I'm still not even sure either way whether she's going to die or just leave the Doctor. For someone who hasn't read any interviews or whatever like me, there's still enough wiggle room in what Rose said at the start of Army of Ghosts for her to still live but just not be wih the Doctor any longer.

I think those that have been annoyed by Rose this season and are hoping she'll die a brutal screamy death will be disappointed...if she does indeed kick the bucket then I expect syrupy music and "I'll die when I've finished my long speech" syndrome rather than that. And on the other hand she could live, which would annoy them as well.

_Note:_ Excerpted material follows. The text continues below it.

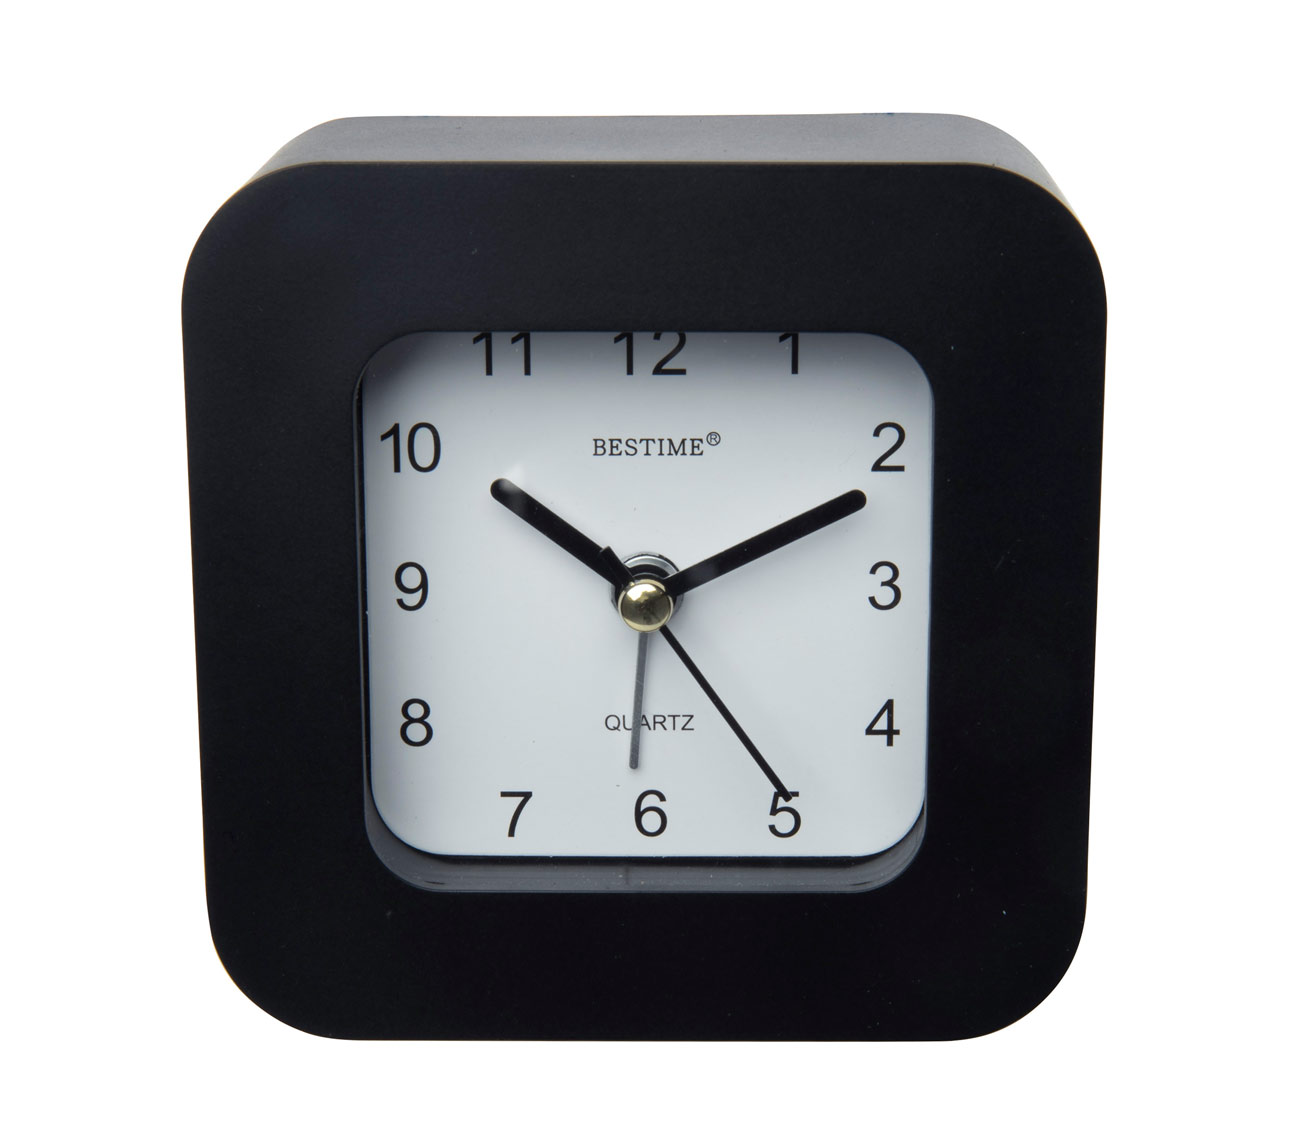 Funciona con 1 pila AA, medidas aproximadas: 10 x 10cm. Color: negro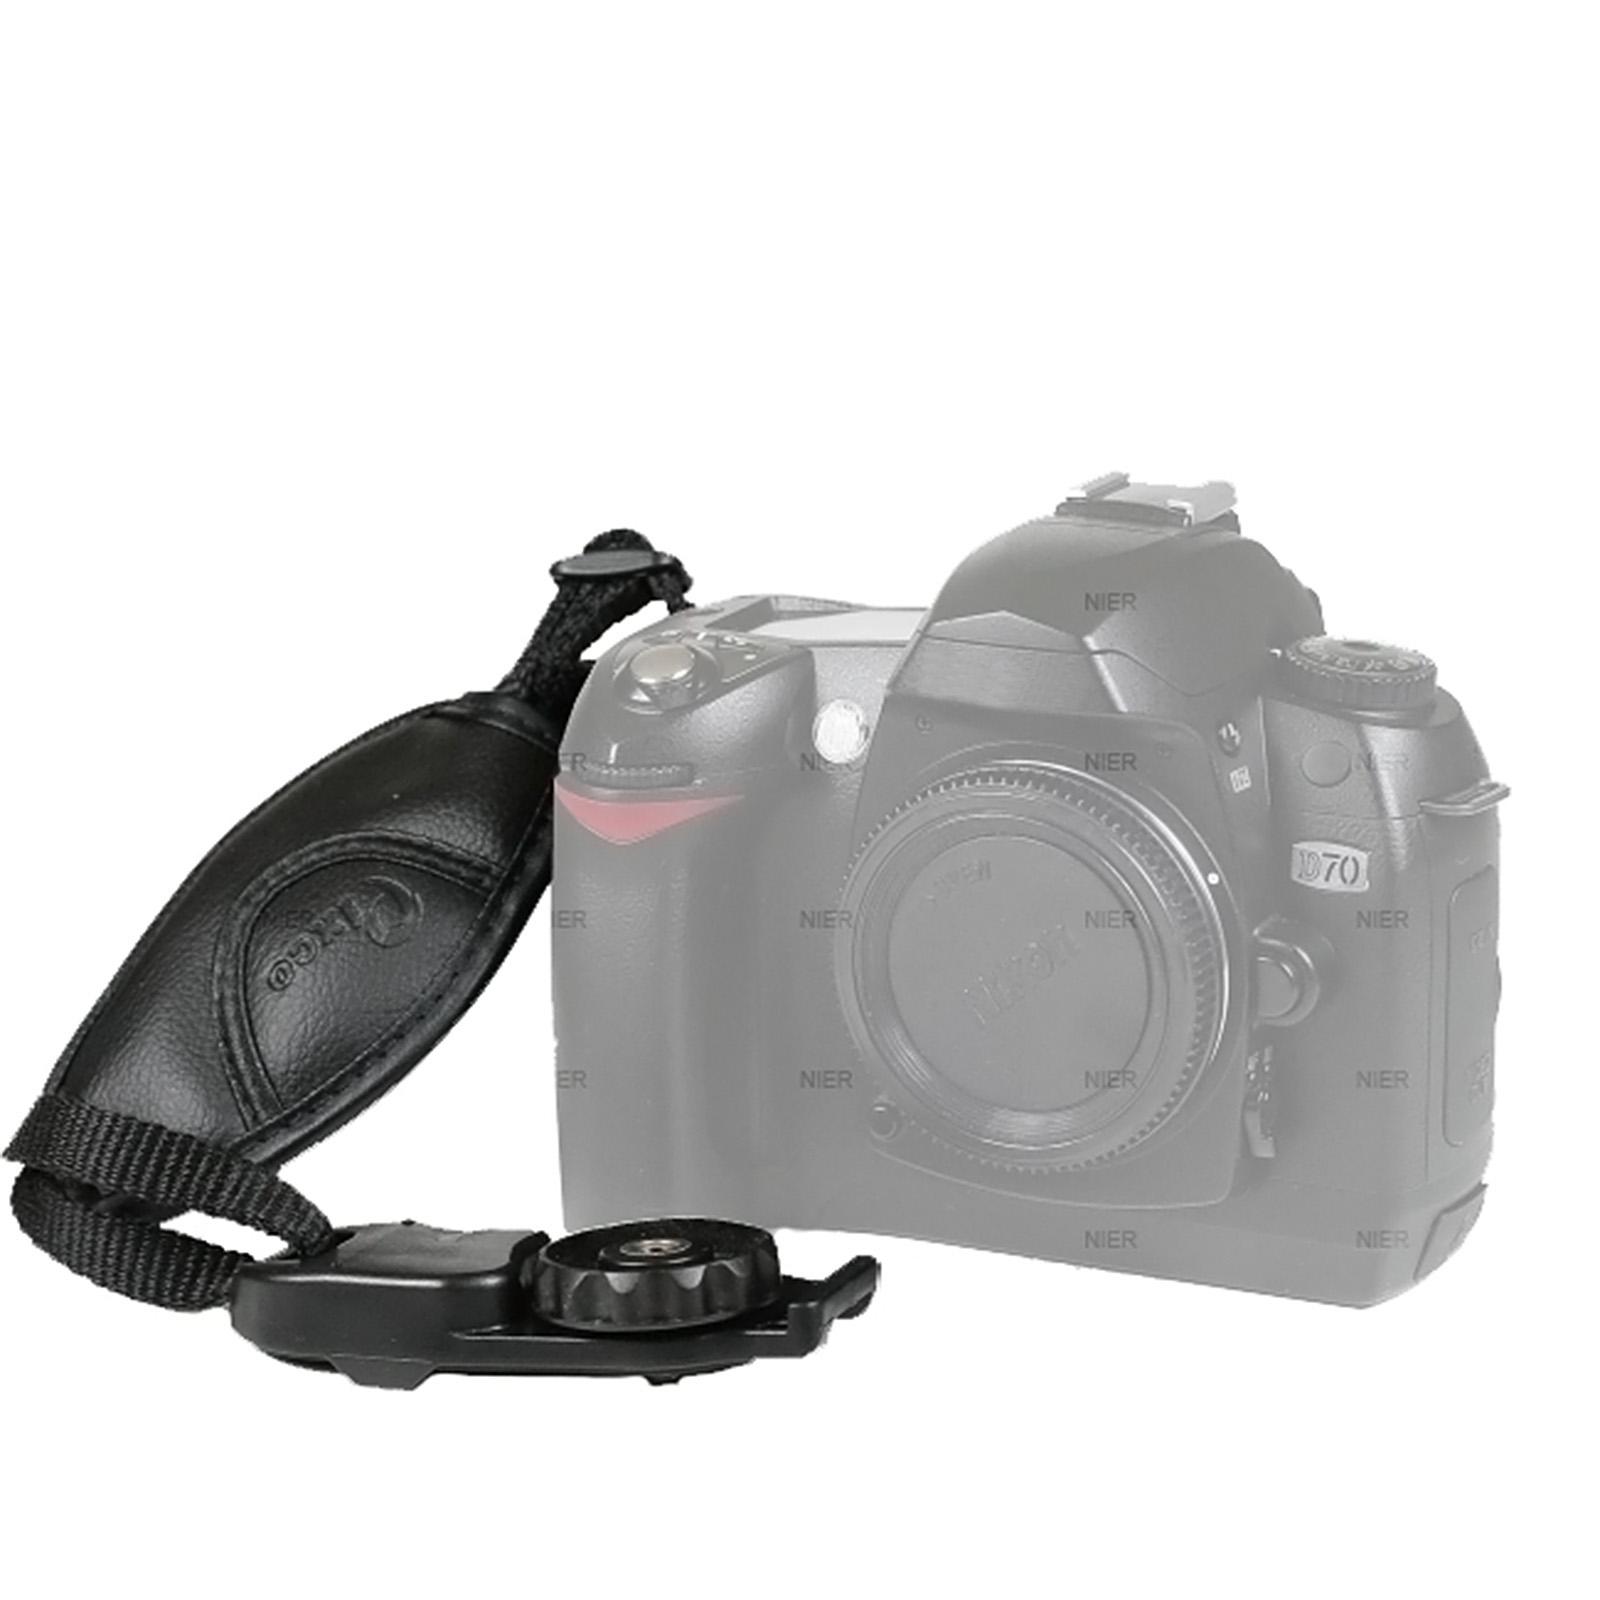 Detalles de Handschlaufe Leder für Canon EOS 1000D 700D 650D 600D ...

So there's still enough mystery for me to be unsure about what'll happen...I didn't have a problem with Rose this season, I just thought that she'd been looked at in such detail with the 9th Doctor that they'd kinda gone to the well once too often. So it fits as a time to let go of Rose...however it happens.

Yes, I'm one of those people eager to see the Cyberleader snap Rose's neck. Perhaps we'll get a silent credit run to accompany the death of the most annoying companion since Adric?

I don't know what to expect from tonight, the speculation about the Genesis Ark has been interesting. Will it be Davros? I'm thinking probably not. But it would be fun if it is.

I just hope the Cybermen don't get completely emasculated by the Daleks.

Paul McGann with one arm?

I don't get it?

The Beast talked about "the child who will die in battle"

Hasn't the whole season ark been "Childhood's End". No, not the Arthur C Clarke one, but Rose, Mickey, Reinette, the kid in Crouch End [and more besides] all leave their childhoods behind through their interaction with the Doctor.

So, it may only be Rose's 'child' that dies, as Jackie discussed in 'Army Of Ghosts'.

Well, it's a theory anyway.

Crouch End?

Does Peter save the world?

"kid in Crouch End" = Tommy Connolly in *The Idiot's Lantern*

Yes I know. I was trying to be funny, unfortunately. Must do better!

Paul Meggan with one arm = Faction Paradox, the bizarrest spin-off.